WHAT YOU SHOULD DO: What is needed here is an exact printout of the data, with no pictures included.

== RAW DATA

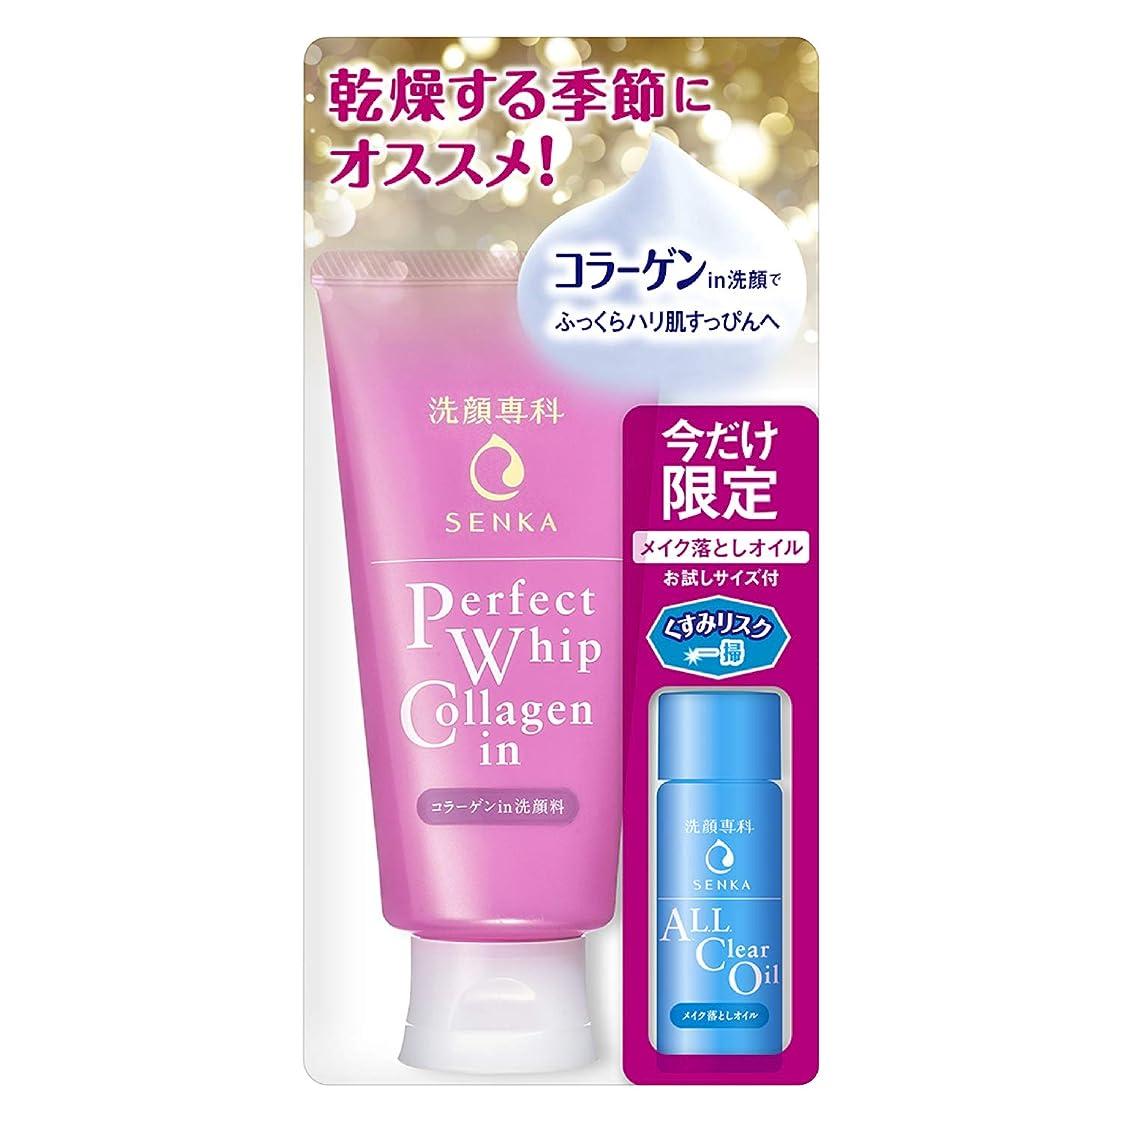 キャリアサッカージム洗顔専科 パーフェクトホイップ コラーゲンin オールクリアオイル特製サイズ付き
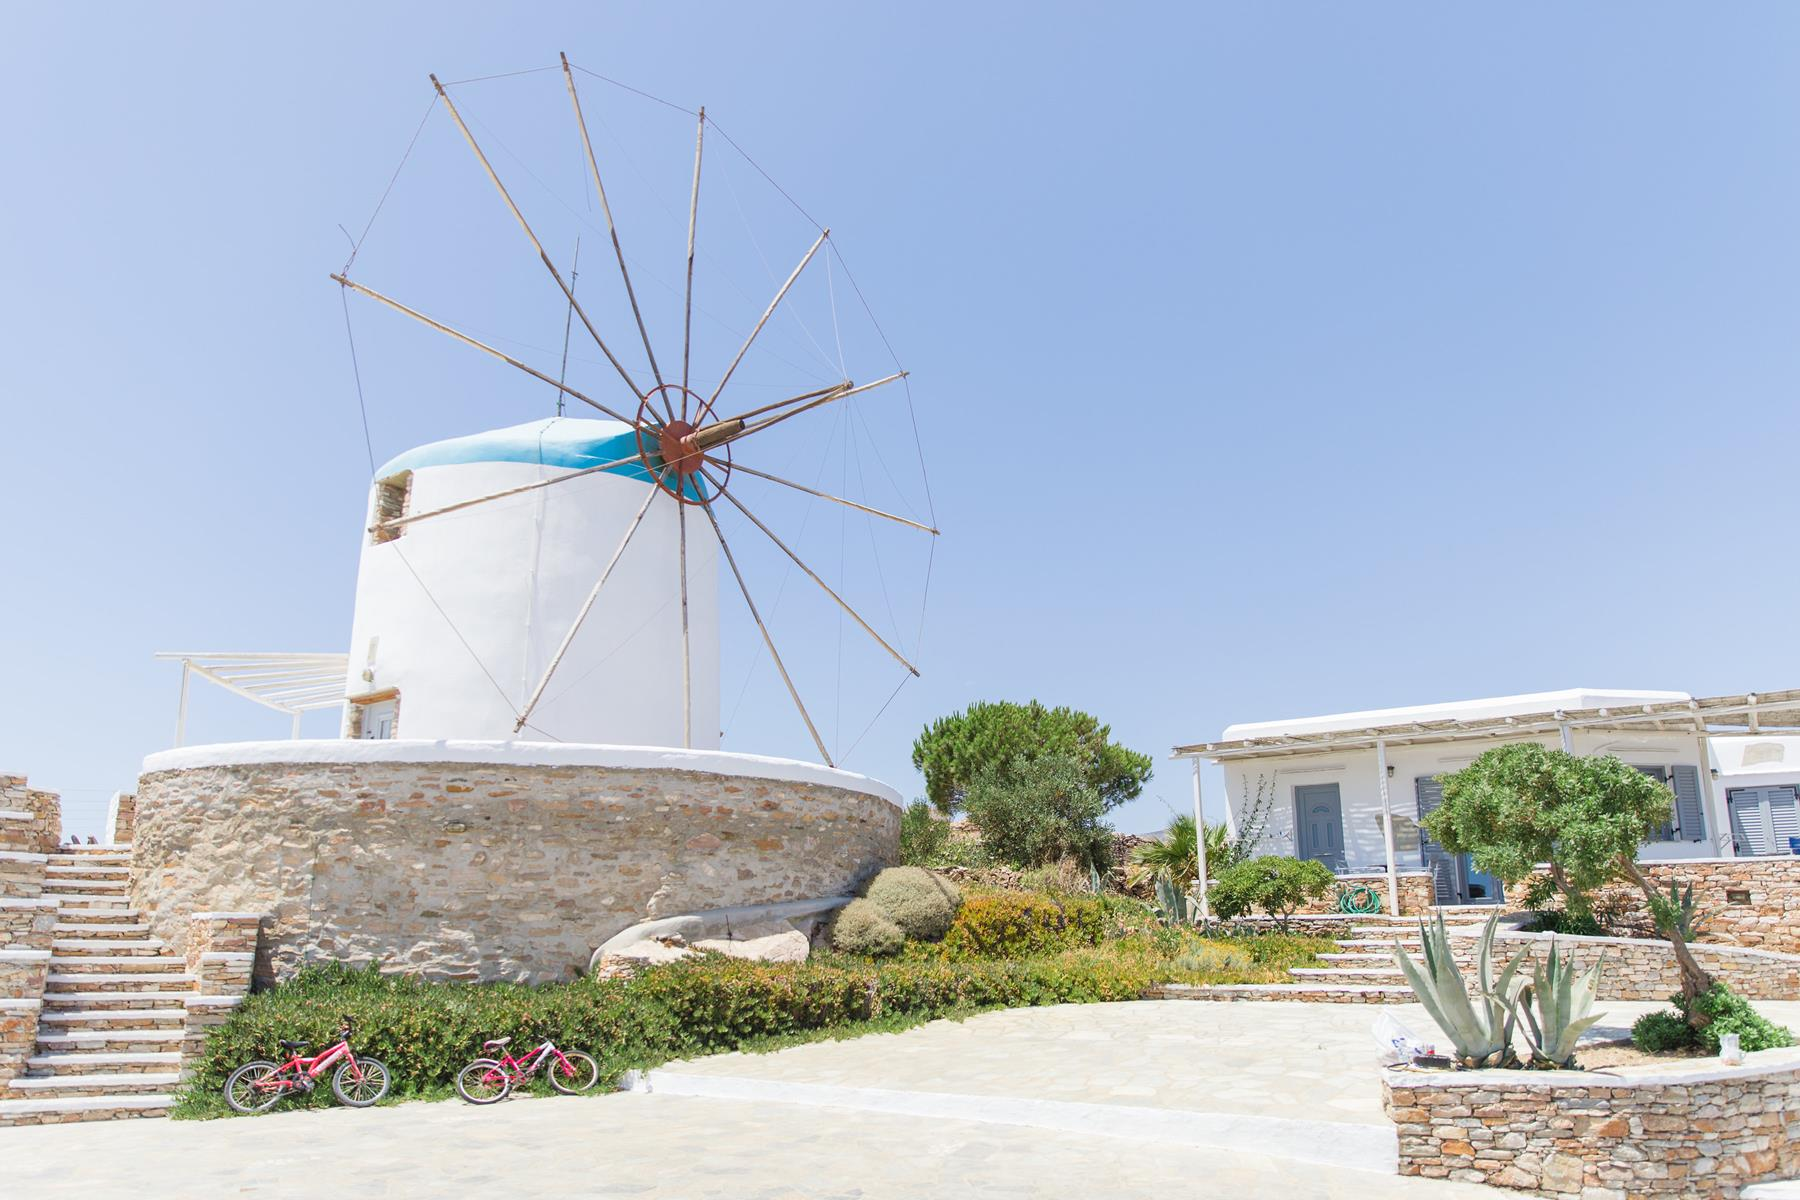 sifnos-windmill-bella-vista-roberta-facchini-60 (Copy)
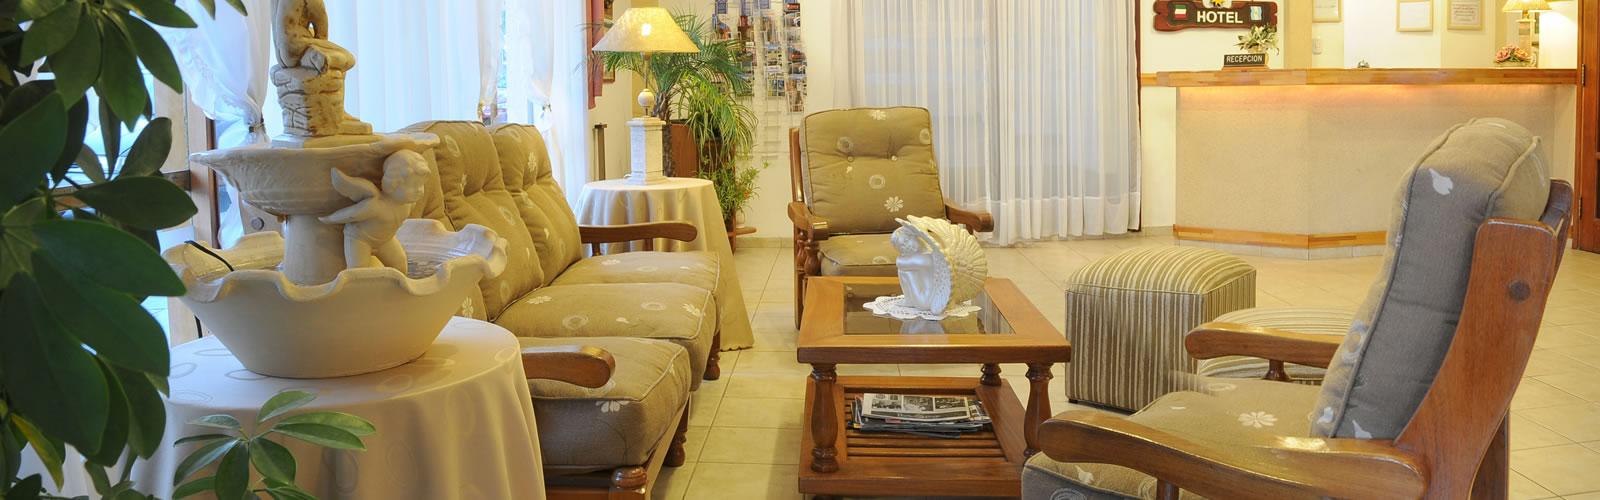 Sala de estar de Hotel Salerno en Villa Carlos Paz

====

WRITTEN ANSWER:
 キャリアサッカージム洗顔専科 パーフェクトホイップ コラーゲンin オールクリアオイル特製サイズ付き
 sifnos-windmill-bella-vista-roberta-facchini-60 (Copy)
 Sala de estar de Hotel Salerno en Villa Carlos Paz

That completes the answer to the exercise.